= Werner Hofmann (physicist) =

German professor of physics (born 1952)

Werner Hofmann (born November 11, 1952, in Baden-Baden) is a German professor of physics. He is director of the Max Planck Institute for Nuclear Physics in Heidelberg.

==Life and work==

Hofmann studied physics at the University of Karlsruhe, completing his studies with a doctorate in 1977. In 1980 he wrote his Habilitationsschrift at the University of Dortmund. In 1981 he received a Heisenberg Scholarship and from 1984 to 1987 he worked as assistant and associate professor at the University of California, Berkeley, where he was appointed full professor of physics in 1987. Since 1988 he is director at the Max Planck Institute for Nuclear Physics in Heidelberg. In 1989 he also received an honorary professorship at the University of Heidelberg. Since 2010, he is a member of the Heidelberg Academy of Sciences.

Hofmann's research areas include astroparticle physics, specifically high-energy gamma-ray astrophysics of detectors on the ground; CP violation; physics of heavy quarks; neutrinoless double beta decay; QCD; quark and gluon fragmentation; and physics of jets. He is senior scientist in the High Energy Stereoscopic System (H.E.S.S.) experiment in Namibia.

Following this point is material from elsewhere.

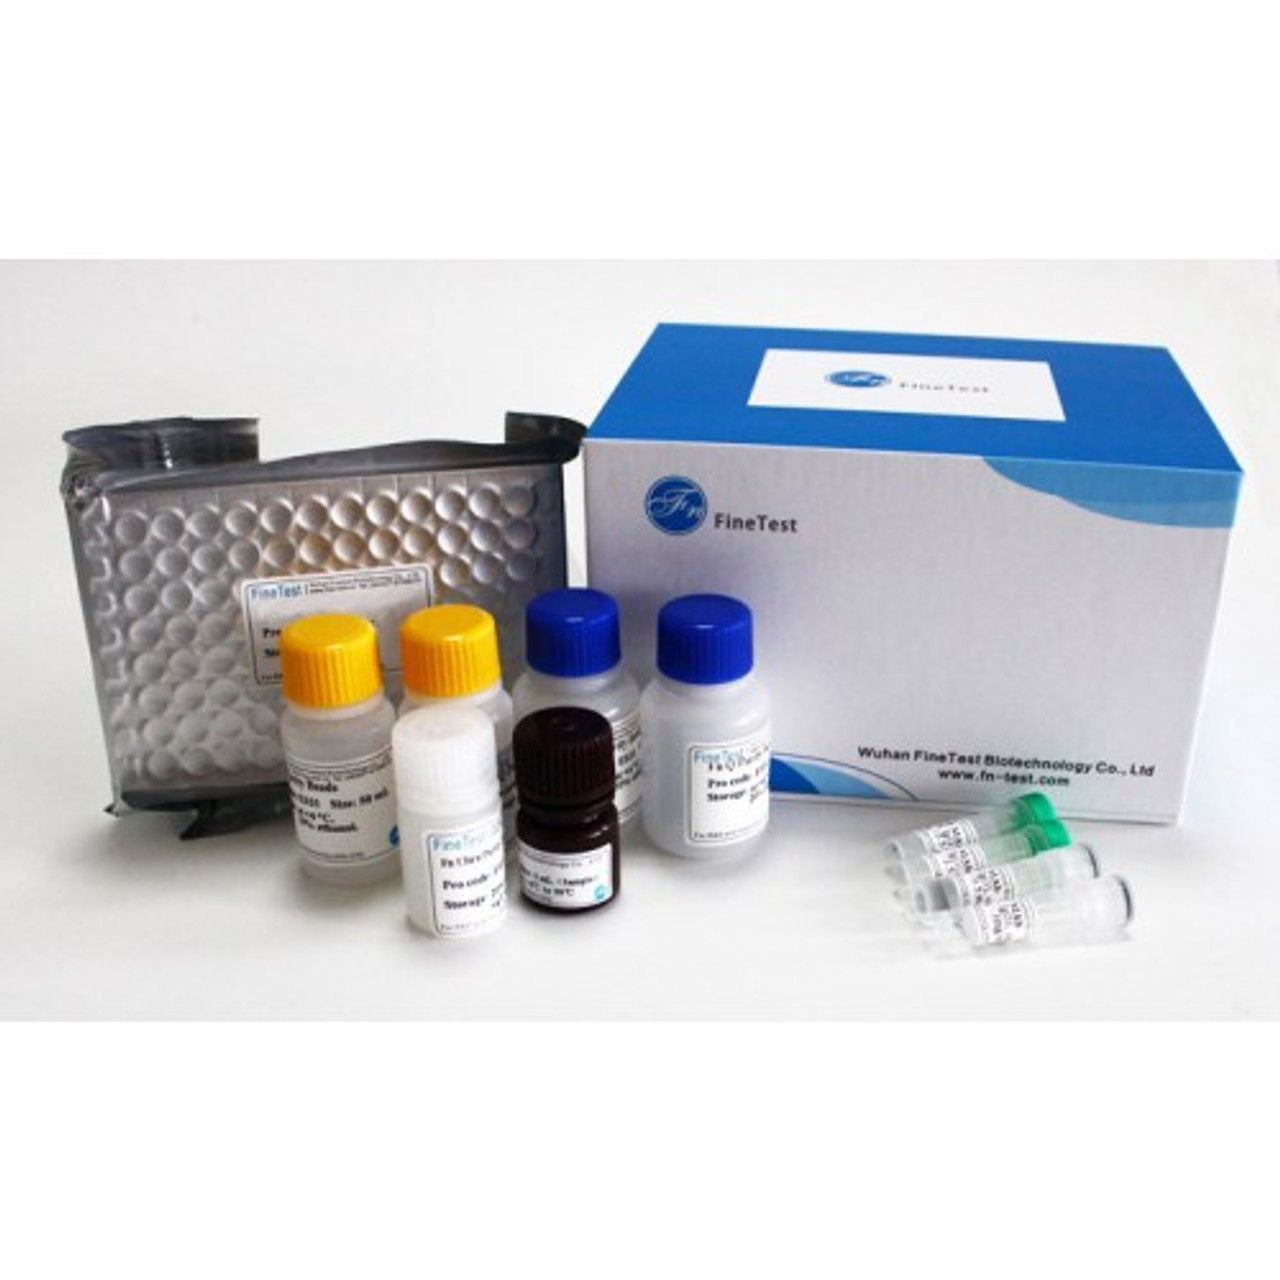 Human MAG Ab(Anti-Myelin Associated Glycoprotein Antibody) ELISA Kit

According to Geoffrey C. Fox, Hofmann's 1981 monograph Jets of Hadrons is "thorough" and "well-written".

==Awards==
In 2010, he received, with the H.E.S.S. team, the Bruno Rossi Prize. In 2015, he was awarded the Marian Smoluchowski Emil Warburg Prize of the Polish Physical Society and the German Physical Society, as well as the Yodh Prize of the International Union of Pure and Applied Physics (IUPAP). In 2016 he received the Stern–Gerlach Medal.